▶ _Exercise requirements_
Give the listing again character for character, but drop the images.

▶ _Data segment_
----------------
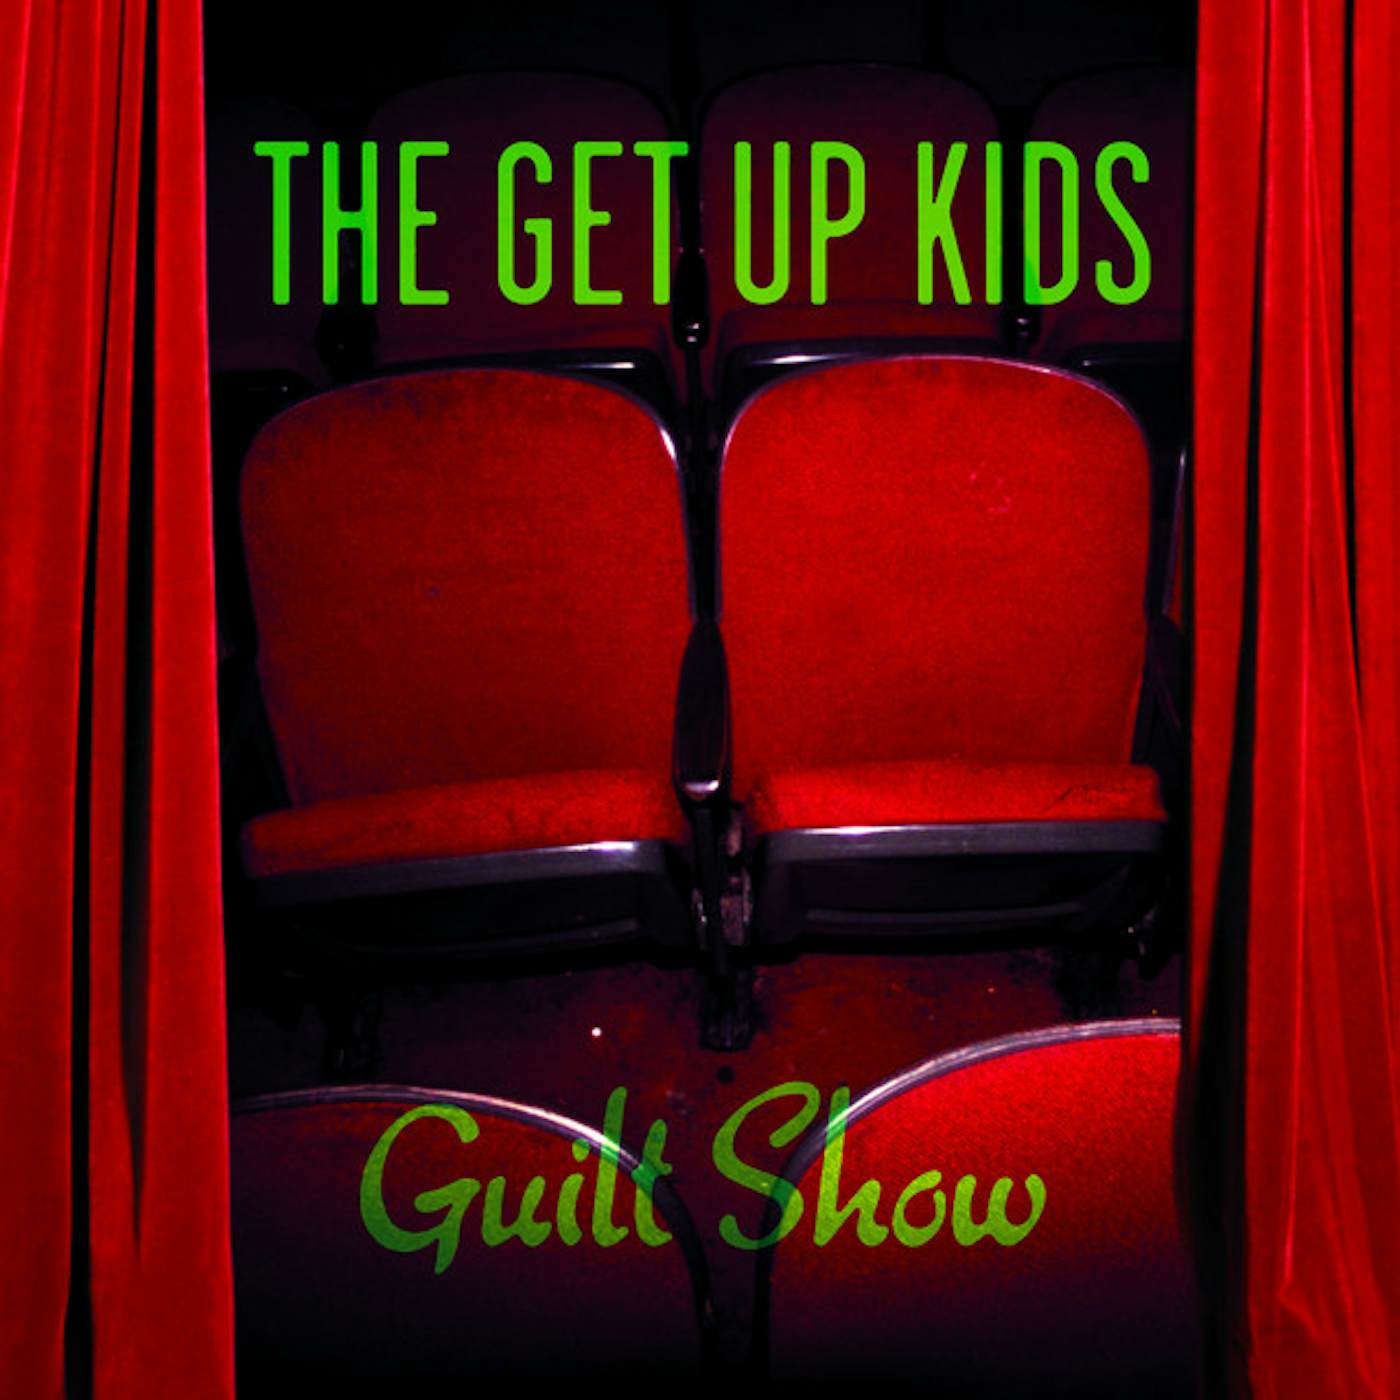 The Get Up Kids Guilt Show Vinyl Record
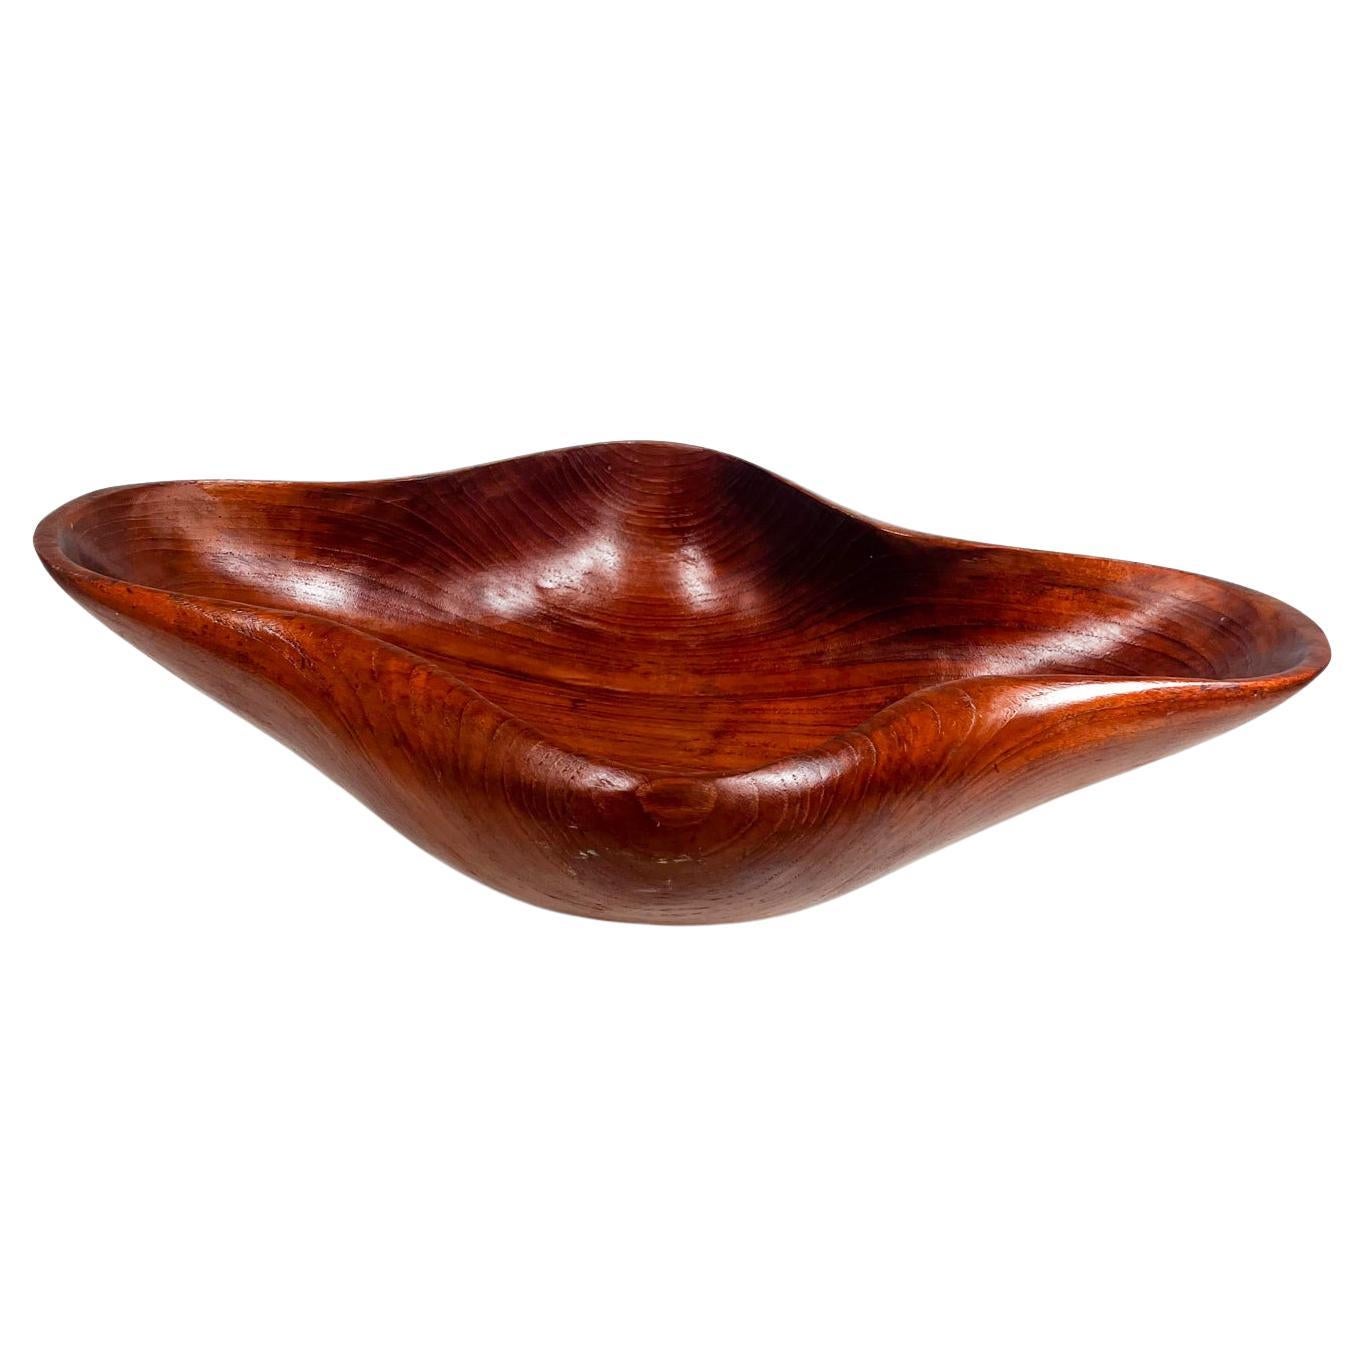 1970s Sculptural Organic Modern Bowl in Teak Wood For Sale
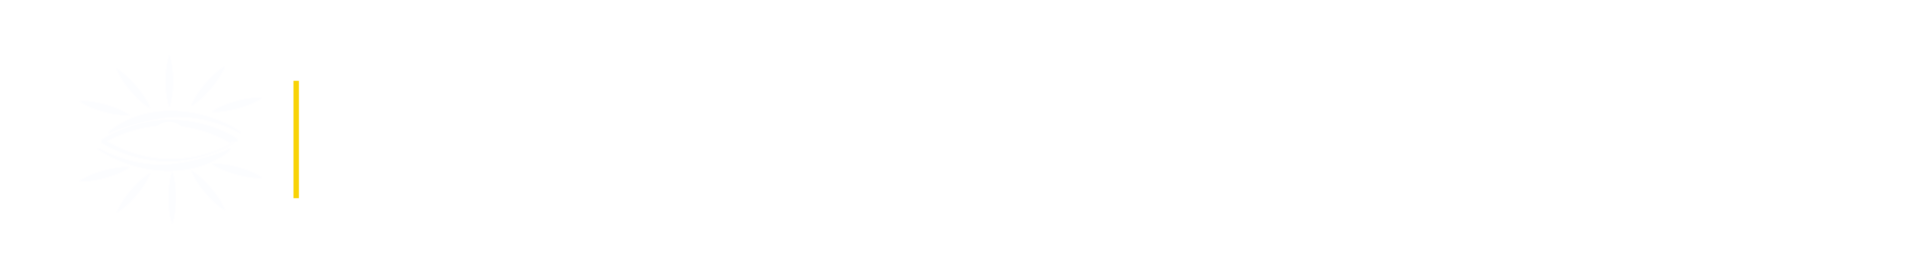 logo-studio-sun-communication-montpellier
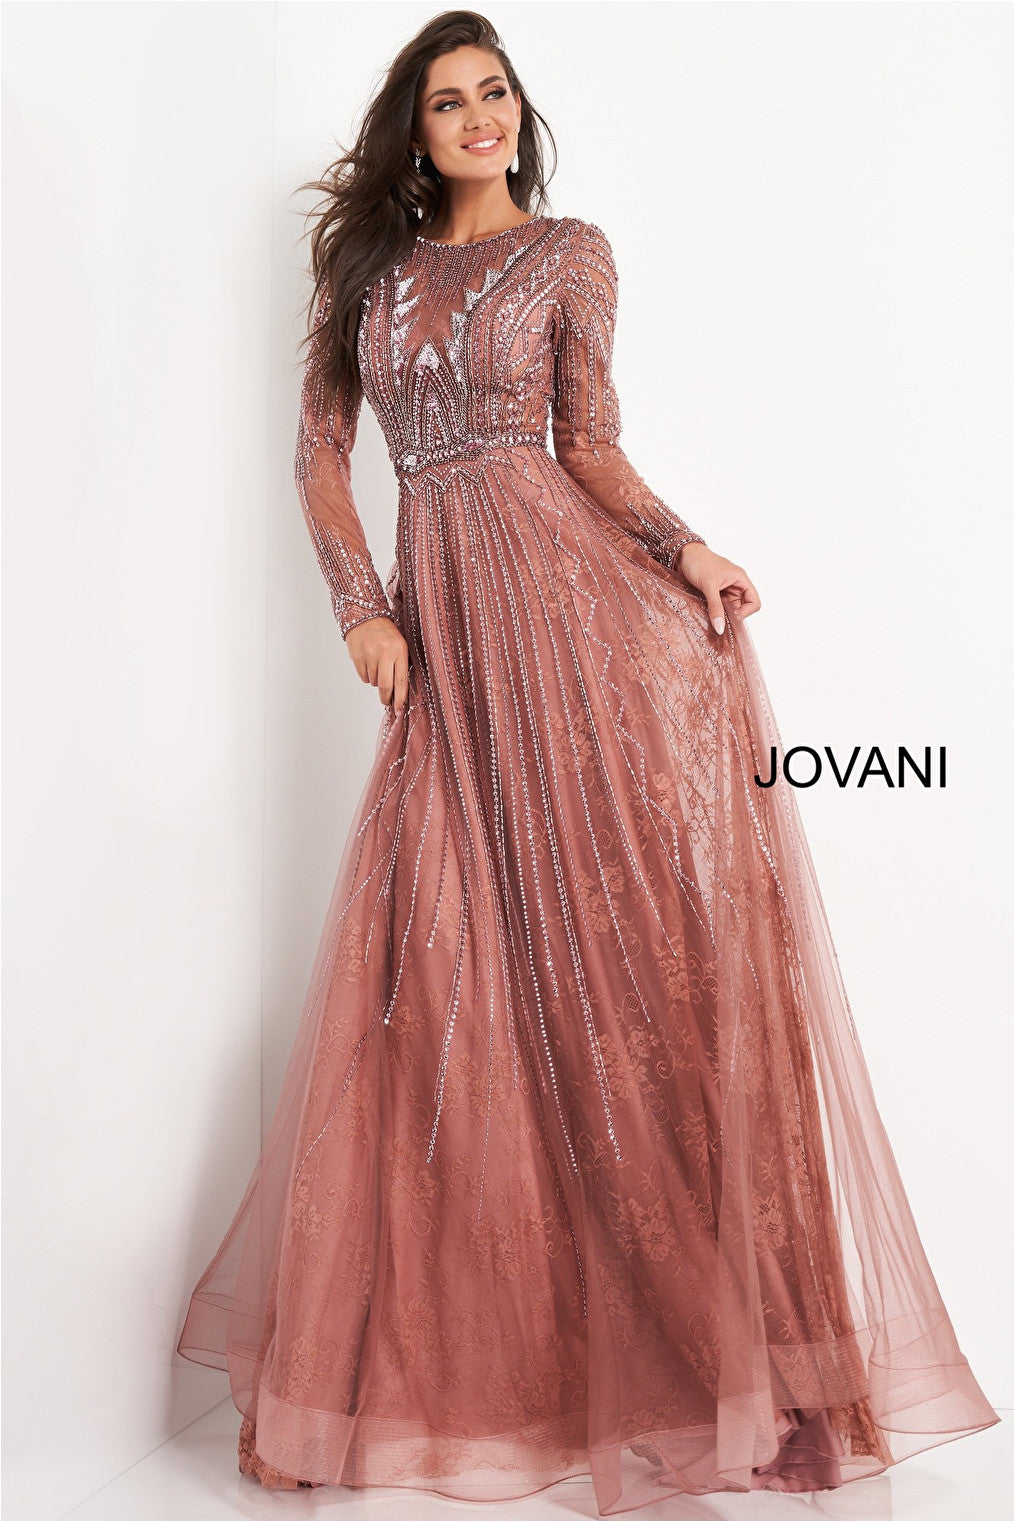 Jovani 04698 Old Rose Embellished Long Sleeve Mother of the Bride Gown
----------------
▶ _Response to the task_
 The Get Up Kids Guilt Show Vinyl Record
 1970s Sculptural Organic Modern Bowl in Teak Wood For Sale
 logo-studio-sun-communication-montpellier
 Jovani 04698 Old Rose Embellished Long Sleeve Mother of the Bride Gown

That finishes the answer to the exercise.